Since recently, we can pay for goods and services not only in coins or banknotes, but also with crypto currency, called “bitcoin”. Professor Stefan Dziembowski from the Faculty of Mathematics, Informatics and Mechanics, who studies the properties of bitcoin, features in our latest films about the laureates of the European Research Council grants.
In 2007 professor Dziembowski, at that time working at the Sapienza University in Rome, received the ERC Starting Grant for pioneering research which goes beyond the current frontiers of knowledge. Soon he moved the project, financed from a grant of 0.87 million euro, to the University of Warsaw, simultaneously becoming the first employee of the University of Warsaw to receive this prestigious subsidy. The project “Cryptography on non-trusted machines” ended last year.
This week, we present the last film of the series devoted to seven laureates of ERC grants.
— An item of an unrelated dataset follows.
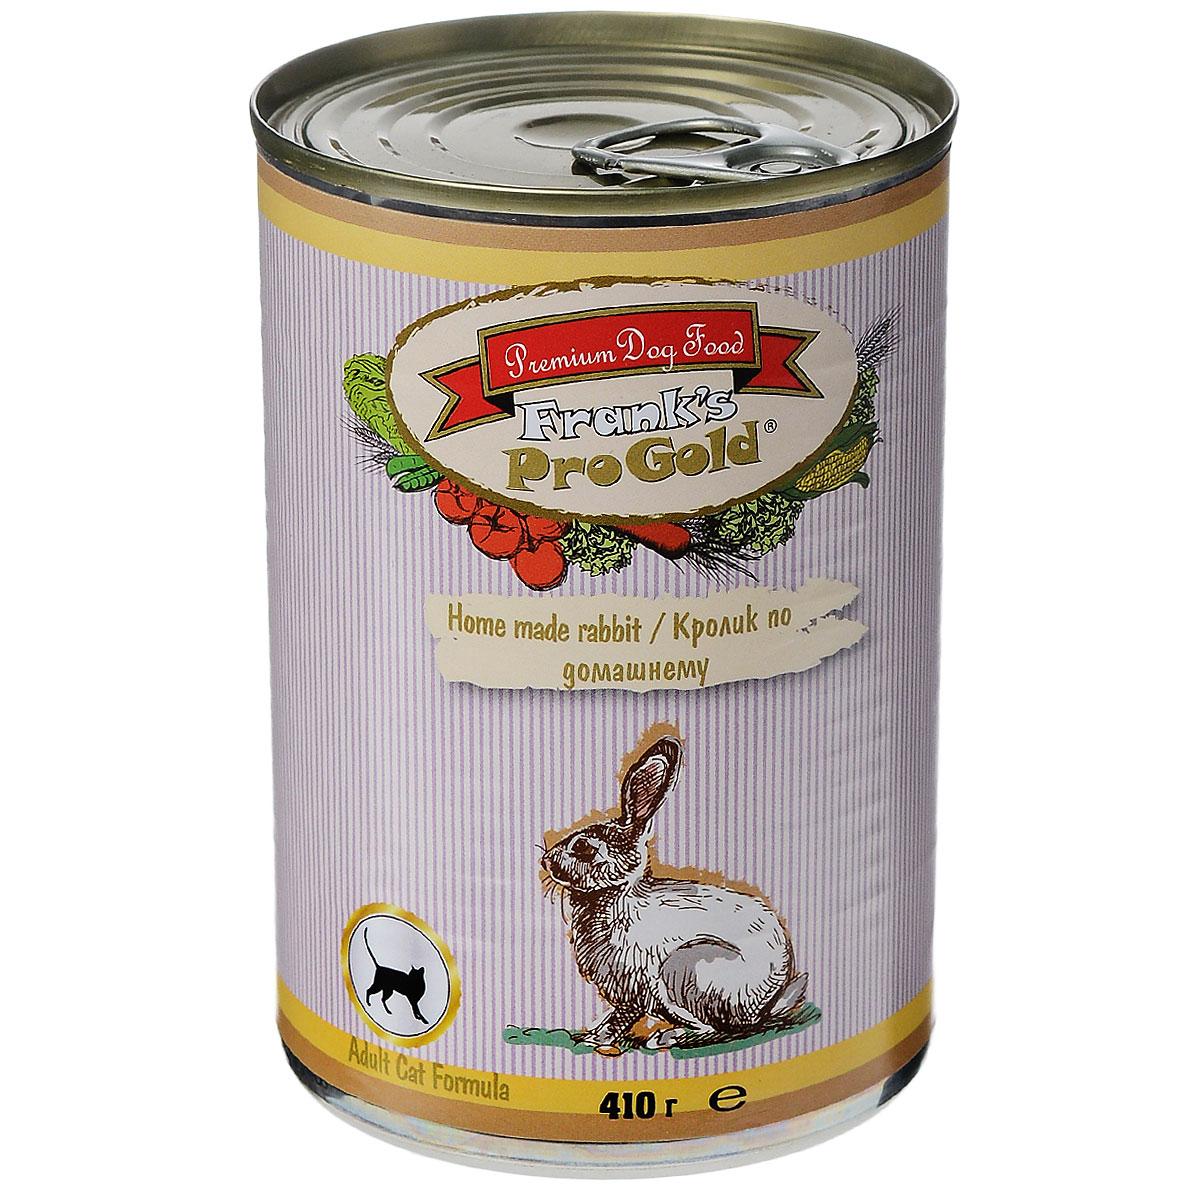 Консервы для кошек Franks ProGold, с кроликом по-домашнему, 410 г24716Консервы для кошек Franks ProGold - полнорационный продукт, содержащий все необходимые витамины и минералы, сбалансированный для поддержания оптимального здоровья вашего питомца! Ваш любимец, безусловно, оценит нежнейшие кусочки мяса в желе! Произведенные из натуральных ингредиентов, консервы Franks Pro Gold не содержат ГМО, сою, искусственных красителей, консервантов и усилителей вкуса. Состав: мясо курицы, кролик, мясо и его производные, злаки, витамины и минералы. Пищевая ценность: влажность 81%,белки 6,5%, жиры 4,5%, зола 2%, клетчатка 0,5%. Добавки: витамин A 1600 IU, витамин D 140 IU, витамин E 10 IU, таурин 300 мг/кг, железо E1 24 мг/кг, марганец E5 6 мг/кг, цинк E6 15 мг/кг, йодин E2 0,3 мг/кг. Калорийность: 393,6 ккал. Товар сертифицирован.
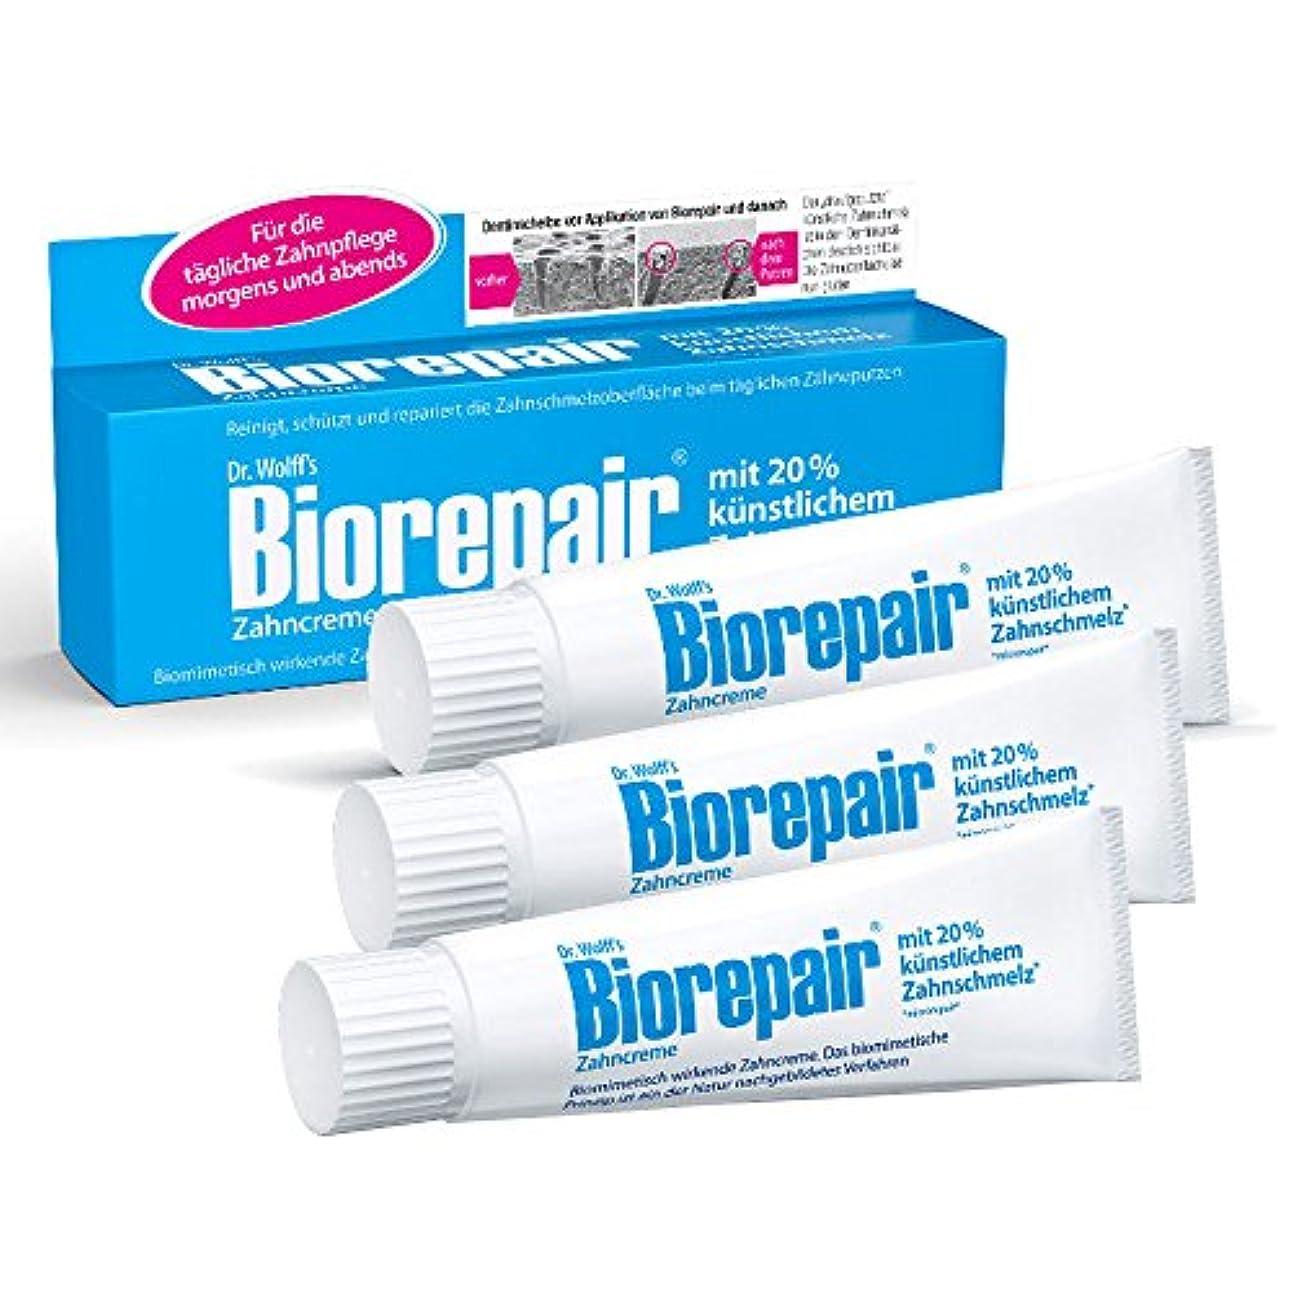 額飼い慣らす着飾るBiorepair 歯磨き粉オリジナル、75ml 歯の保護 耐摩耗性 x 3 [並行輸入品]

More about the series
STEFAN DZIEMBOWSKI
The research of professor Dziembowski focuses on the cryptology, a discipline from the border between mathematics and computer science, which for many brings up associations with the breaking of the Enigma code during the World War II by a group of Polish mathematicians. However, cryptology saw dynamic progress over the last decades, with the advent of digital signature and public-key cryptography.
Currently, cryptography finds more and more uses in the digital economy. A team from the Faculty of Mathematics, Informatics and Mechanics, headed by professor Dziembowski, works on the development of such new applications. The cryptologists from the University of Warsaw managed to show the ways of using some special features of the currency to establish safe bitcoin lotteries without using the trust of a third party. Their publication „Secure Multiparty Computations on Bitcoin” received the award for the best paper during the IEEE Symposium on Security & Privacy in San Jose, California, in May this year.
Professor Dziembowski works in the Institute of Informatics of the University of Warsaw. He cooperated with and conducted research in the Aarhus University in Denmark, Institute of Informatics and Telematics in Pisa and the Zurich Institute of Technology.